Texto e foto: José Garrancho
“Os meus pais estão ligados às artes e ao design, a minha avó materna era professora de lavores e o meu avô paterno era GNR, mas um grande artista, muito criativo, que tocava vários instrumentos, de ouvido; a minha irmã também está na área das artes. Isto veio-me no sangue e não consegui evitar”, apresentou-se Inês Barracha ao Portimão Jornal, falando com o corpo todo, numa sinfonia de gestos.
Como foi a experiência na Faculdade de Belas Artes?
Acabei por ficar em pintura. Gostava de ter estudado algo mais abrangente, artes plásticas, porque me sinto uma criativa multidisciplinar, mas só havia no Porto e eu tinha família em Lisboa. Fiz a licenciatura, que durava, então, cinco anos. No final, já sentia que estava ‘a encher chouriços’, porque alguns professores eram mais velhos e conservadores e tornava-se difícil experimentar novas técnicas. No último ano, abracei um Erasmus de três meses em Inglaterra, para ver o que se passava por lá. Gostei do que encontrei, muito diferente daqui.
Foi por isso que regressou ao Reino Unido?
Fiz o Erasmus em 2004/2005, descobri o 3D e achei que era uma ferramenta interessante e que fazia a ligação entre a parte visual – desenhos animados, anúncios – e a parte digital, uma técnica que valia a pena experimentar. E como já tinha a experiência que me fora passada pelos meus pais, a parte mais técnica do design, achei que poderia ter ali um meio termo que valia a pena explorar. E acabei por ir fazer o mestrado em Bournemouth. De seguida, fui trabalhar para Londres, em cinema e publicidade. Andavam, então, a fazer coisas para os telemóveis, que eram muito pequenos. E eu não conseguia entender qual o interesse daquilo, até aparecerem os smartphones com as aplicações. Mas não estava para aí virada.
Esteve lá alguns anos?
Três anos, no total. Acabei por trabalhar numa empresa que fazia pós-produção para filmes, televisão e anúncios publicitários. Aquilo é muito organizadinho, mas as saudades da nossa terra, do nosso clima e do nosso modo de vida foram muito fortes e regressei. E também porque queria experimentar a maternidade e nada como o nosso país.
Regressa e cria a Associação MODO, uma associação neo rural. Diga lá aos leitores em que consiste?

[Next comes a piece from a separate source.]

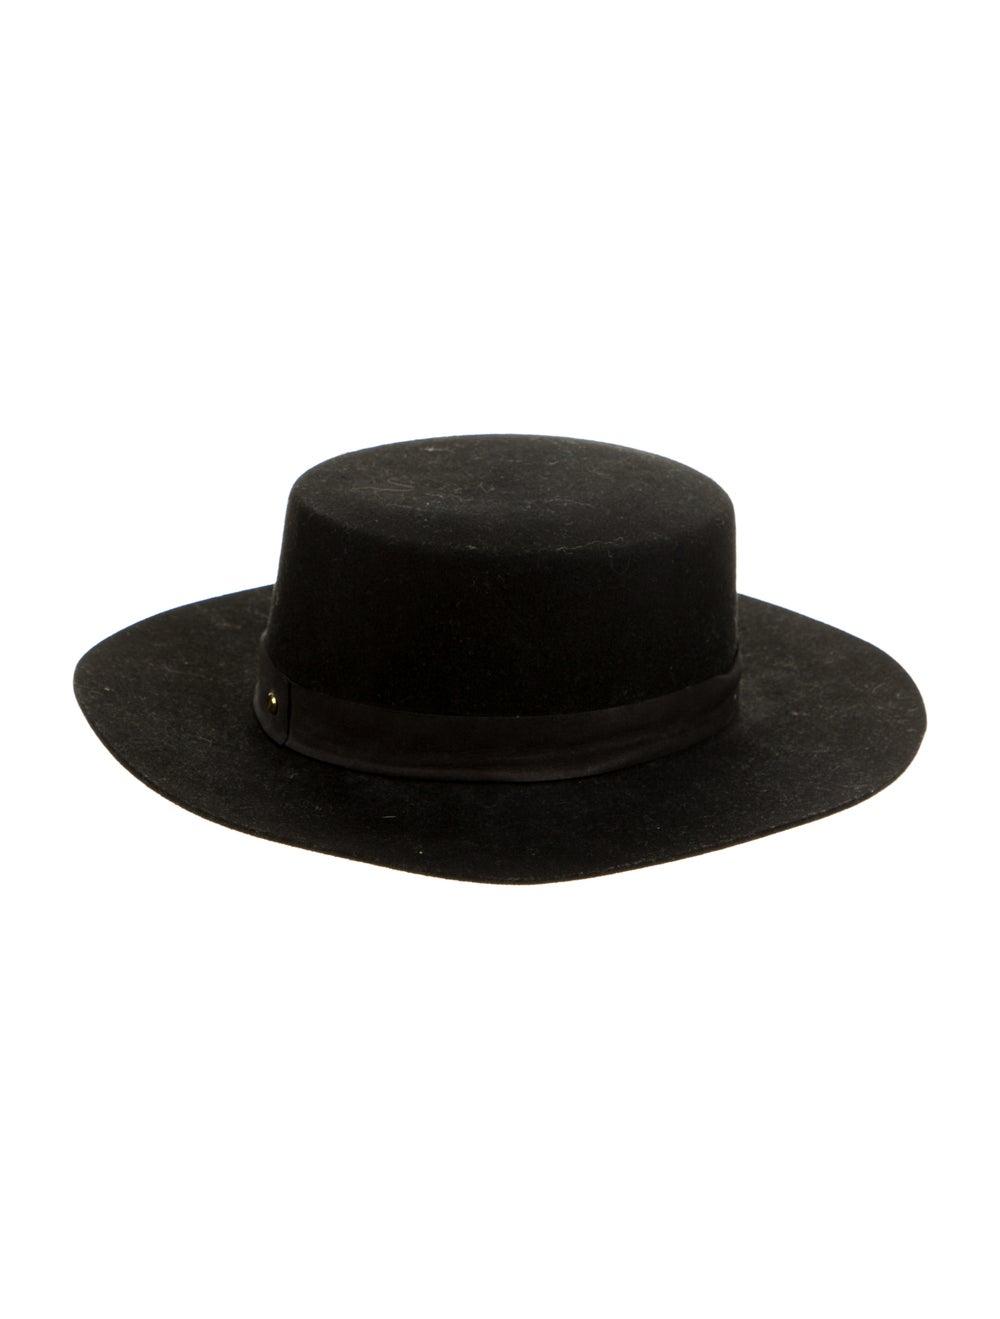 Janessa Leone Wool Wide-Brim Hat Black - image 2

Quando regressámos, eu e o meu Manel fomos viver para uma casa em Alvor. Mas, depois, começámos a olhar para um terreno que era do meu sogro, ali na zona dos Palheiros, onde havia umas ruínas de uma casinha de campo que adorámos e decidimos restaurar. A ideia era ir para lá fazer patuscadas com os amigos. Mas, para mim, aquilo estava subaproveitado. E, como vinha cheia de ideias, comecei a fazer lá workshops. As pessoas nem sabiam bem o conceito, pensavam que não era necessário pagar, que era só entretenha.
Ideias novas, trazidas da Inglaterra?
É verdade. Eu costumo associar com o irmos à Feira da Ladra com os sacos. Fica tudo ali à volta, a ver o que sai de lá. Depois, montamos as coisas e vão todos embora. Só estão interessados em ver o que vem ali de novo. E eu senti-me assim, quando regressei. Depois, há a ligação com o ensino e com o trazer 3D na bagagem. Comecei na ETIC, em Portimão. Depois, fui convidada pela Universidade do Algarve. Adoro ensinar, algo que trago dos meus pais, continuo a fazê-lo, mas a experiência da UALG não foi muito satisfatória.
Porquê?
Cheguei de Inglaterra com sentimentos a favor da partilha livre do conhecimento, de criar uma plataforma de partilha, fornecendo a informação aos alunos, sem que eles perdessem a concentração nas aulas, ao tirar notas. Conclusão: viram que estava a mexer na estrutura da instituição e dispensaram-me, no fim do ano letivo. Foi então que decidi criar a Associação MODO, em 2012, pela necessidade de ter algo para partilhar conhecimento e experiências. Não só dar formação, mas criar projetos com pessoas. Neste momento, é urbana, pois está localizada na zona antiga da cidade.
Mas as vossas experiências são muito variadas, abrangem diversos campos, não é?
Desde miúda que adoro fazer coisas e tenho grande dificuldade em me focar num único campo ou num único material. Adoro pintar, reciclar materiais, manipular tudo ao meu redor. A vida é variada, tem imensos ângulos, e eu sou vida. Apenas me preocupo com um objetivo: manter a associação com autonomia financeira, para ser uma voz apartidária e independente.
Em que consiste o projeto [CAL-DAY-RAH-DAH]?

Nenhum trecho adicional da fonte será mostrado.